他活該,可是他絕不可能放手。
傅識均狠狠砸了一拳洗臉盆,冰冷的水流順著臉龐和脖頸流下。
旁邊出來上廁所的病人避著他走,生怕不小心惹到了這個看起來精神不太正常的男人。
傅識均一開機,消息爭先恐後地湧進來。
陸緒風見縫插針地打進來。
傅識均本想掛斷,最後還是接了,說不出什麼心理,他就是想知道陸緒風清不清楚宋清淮生病的真相。
好像在心裡別著一股勁兒,既是氣自己又是氣宋清淮。
「什麼事?」傅識均接起電話。
「你他媽總算開機了,清淮怎麼了!我打他電話不接,你讓他接電話。」陸緒風氣喘吁吁,背景音是汽車鳴笛的滴滴聲,伴隨著急剎車的聲音。
「他接不了電話,他身體不舒服。」
陸緒風又罵了一句,「草,大半夜的怎麼還堵得水泄不通,北城交通真是沒救了。」
「他怎麼了?怎麼會突然暈倒?還……流血了。」陸緒風虛著聲音問。
傅識均垂下眸子,腦袋被冷水冰鎮過,他冷靜了不少,「你不清楚?」
「我在問你!他是不是……是不是生病了?」陸緒風聲音低下去。
「不,他很好,你還是多關心關心你自己吧。」傅識均惡劣地說完這句話,立刻關掉手機。
褚於的消息恰好跳出來:識均,怎麼回事?需要我幫忙嗎?
傅識均指尖一動:計劃可以啟動了,我會拖住李常學的資金鍊。
褚於那邊也一直守著手機,立刻撥打電話進來,但傅識均看也不看就掛掉然後關機了。
翌日。
宋清淮醒來時環顧了四周,沒看到傅識均,說不清是不是鬆了口氣,他掀開被子,打算先離開醫院。

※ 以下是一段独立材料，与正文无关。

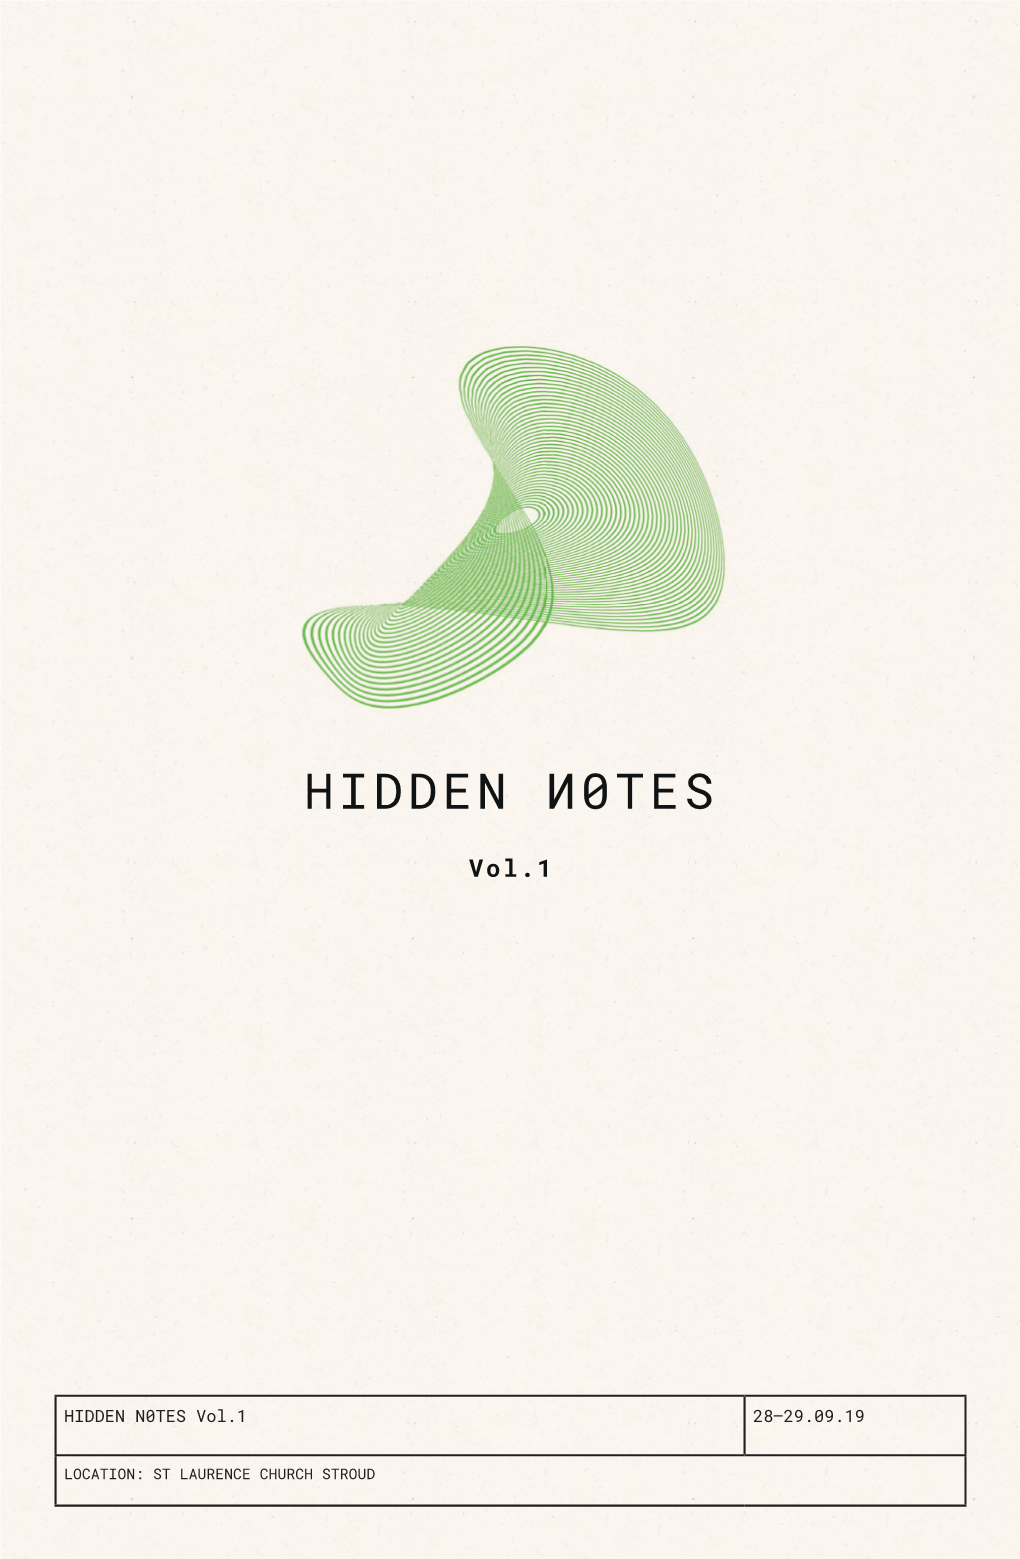 Download Hidden Notes Vol.1 Programme

腳剛觸碰到地板,他就被障礙物拌了一跤,向前摔進一個不太柔軟的懷抱里。
傅識均悶哼一聲,被他踩到了腳踝。
「你怎麼在這兒?」宋清淮嚇了一跳,坐在他的雙腿上,有些不自在地想爬起來。
傅識均抓著他的腰身,不讓他離開,「淮淮,我……」
宋清淮呆滯地望著他湊過來的臉頰,他下意識地躲閃了一下,傅識均親到了他的臉頰。
「傅識均,你別這樣。」宋清淮深吸了一口氣,「我們已經結束了,不管我是什麼樣都不會改變這個現實。」
「你要離開我了是嗎?」傅識均幽幽地問。
宋清淮別開了眼睛,突然怒從中起,「傅識均!我們之間,出問題的是你,是你親手斬斷了這段感情的,你憑什麼糟蹋我的感情,憑什麼你想開始就開始,想結束就結束?」
「我不愛你了。」
「我……」傅識均抿緊薄唇,緊緊捉著他的手腕。